Find "德瑞亚空压机，中国高品质空压机倡导者" in the material, then return exactly the line containing it and all lines after it to the end, leaving out pictures.

▶ **Dataset section**
▬▬▬
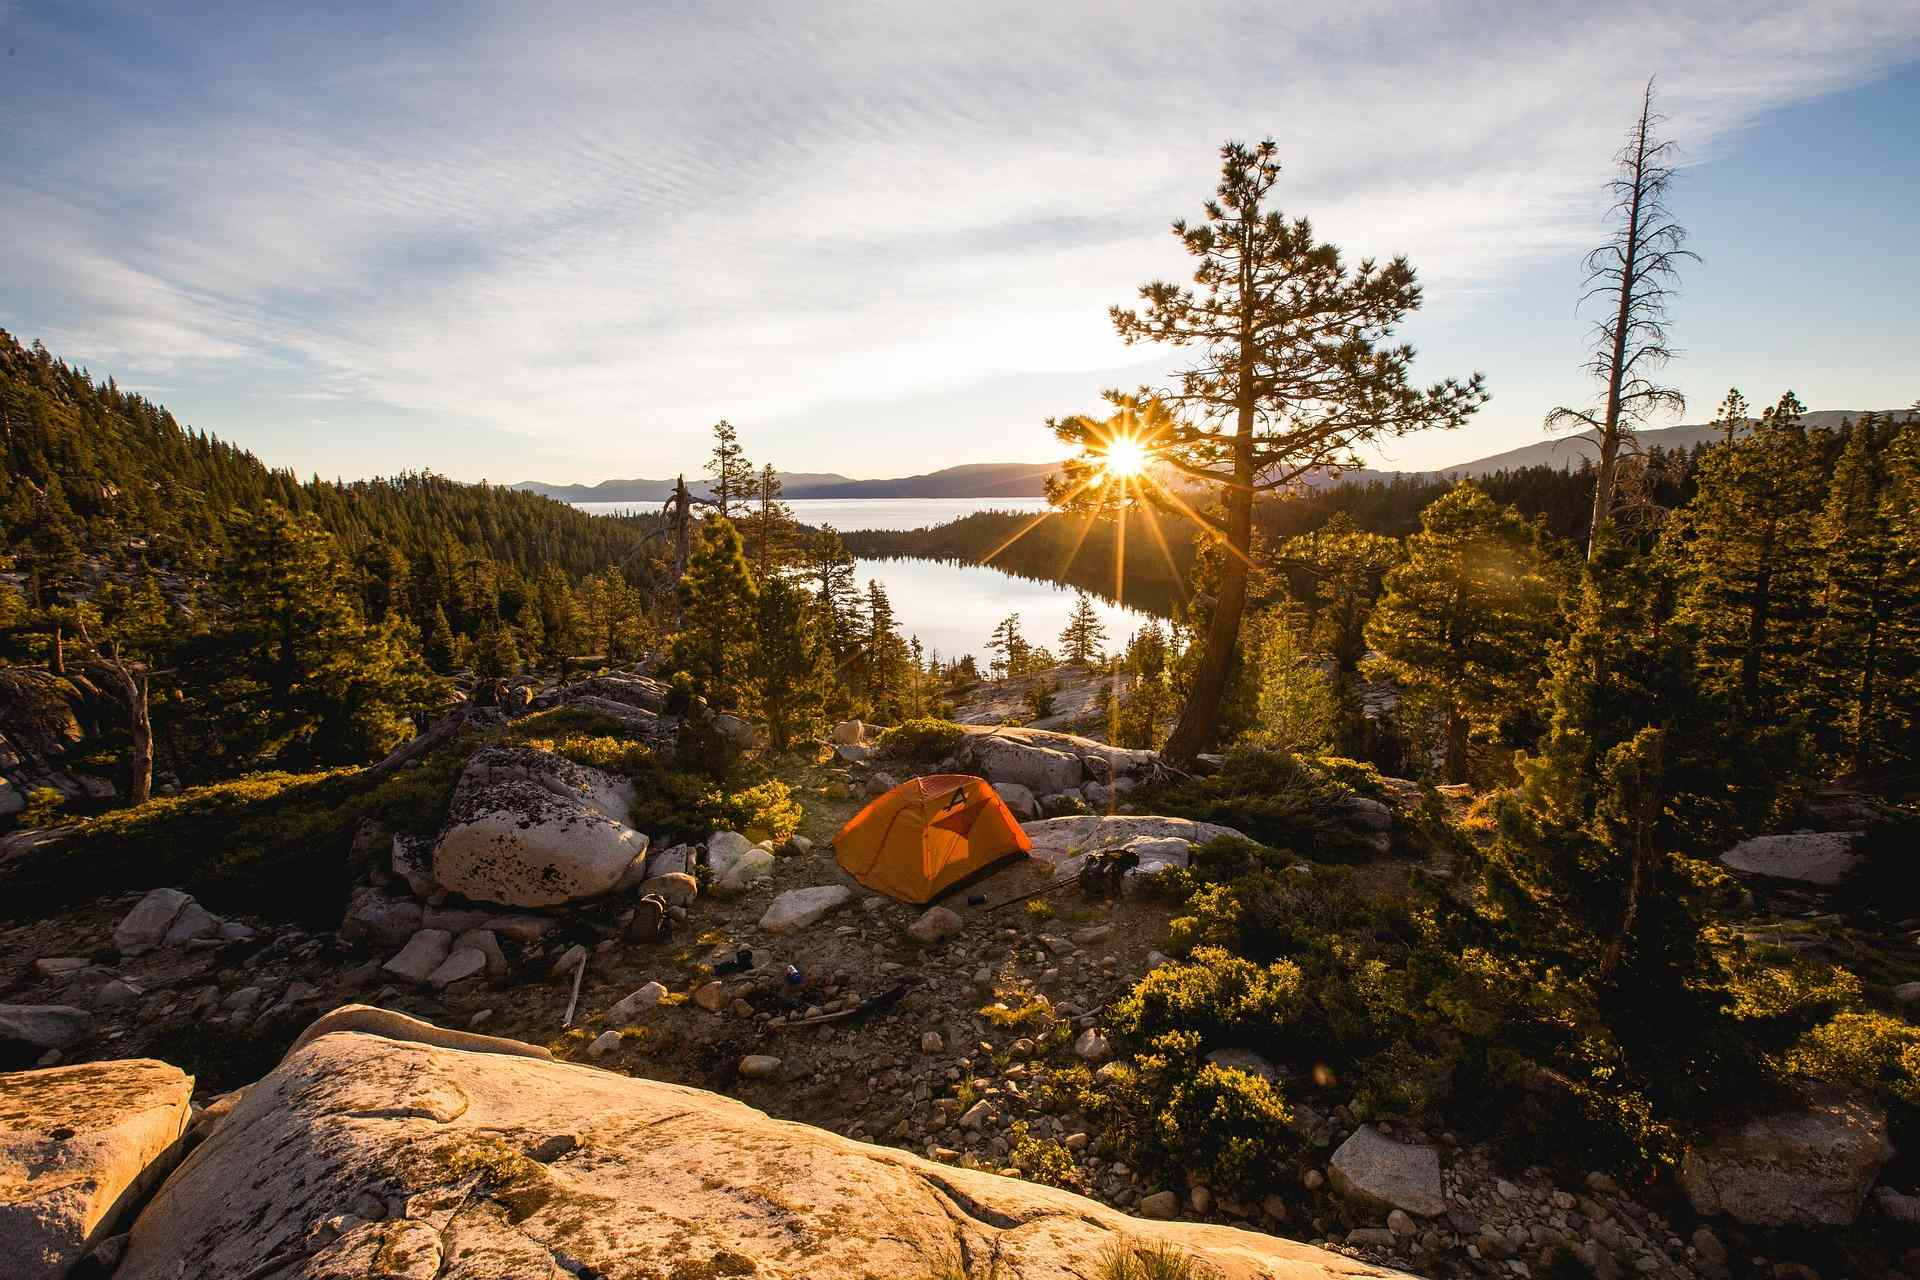 Là où le camping sauvage est autorisé, vous pourrez profiter de beaux paysages en pleine nature
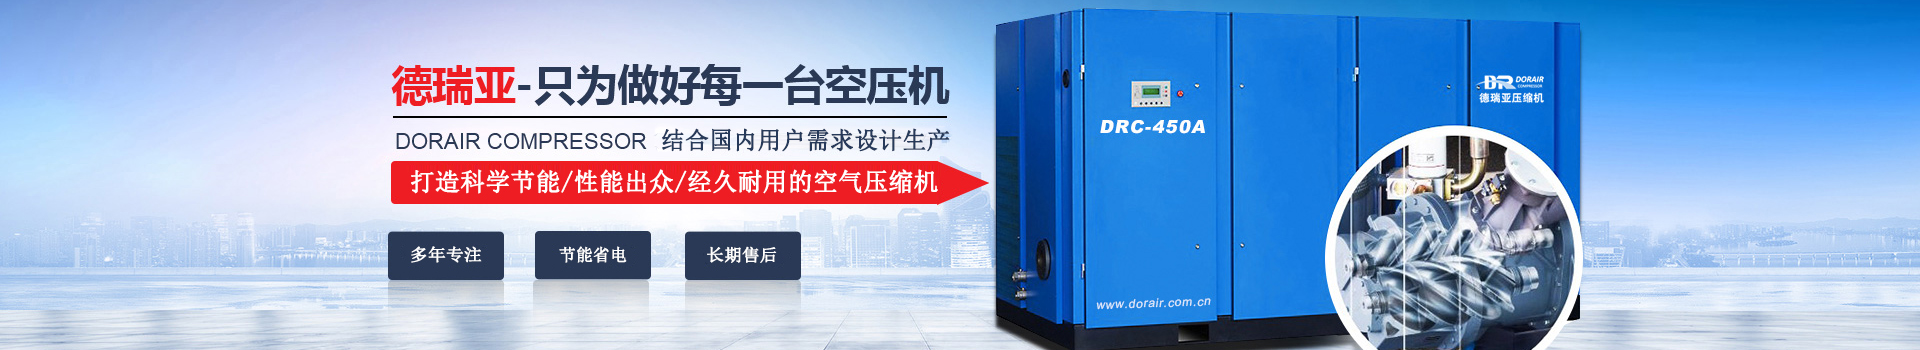 德瑞亚空压机，中国高品质空压机倡导者
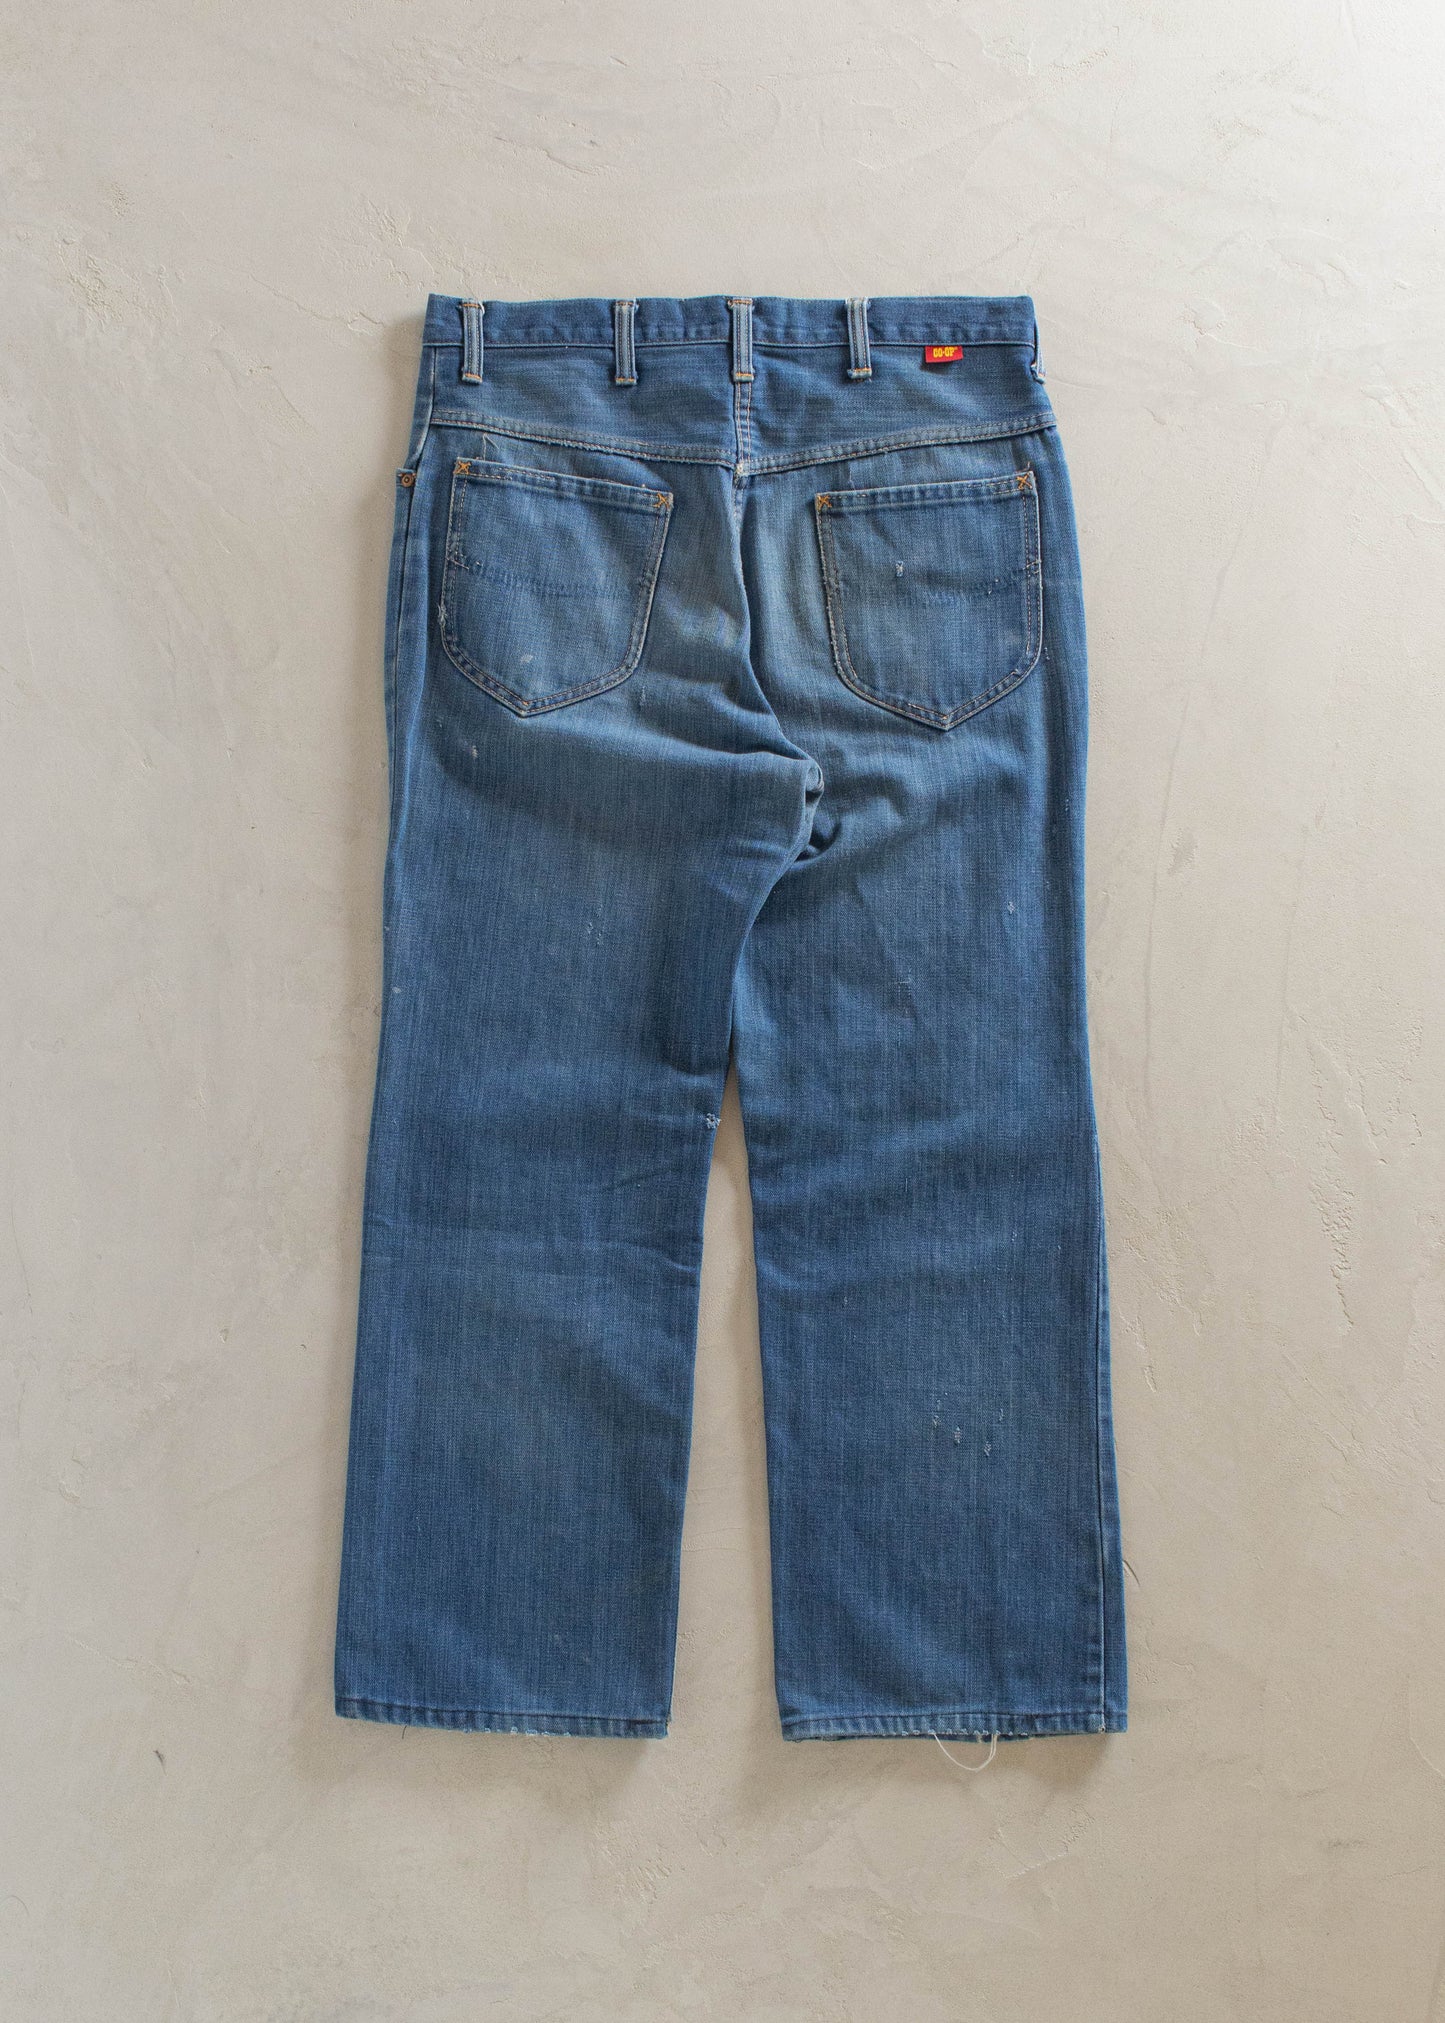 1980s Coop Midwash Jeans Size Women's 30 Men's 32
▬▬▬
▶ **Solution**
 德瑞亚空压机，中国高品质空压机倡导者
 1980s Coop Midwash Jeans Size Women's 30 Men's 32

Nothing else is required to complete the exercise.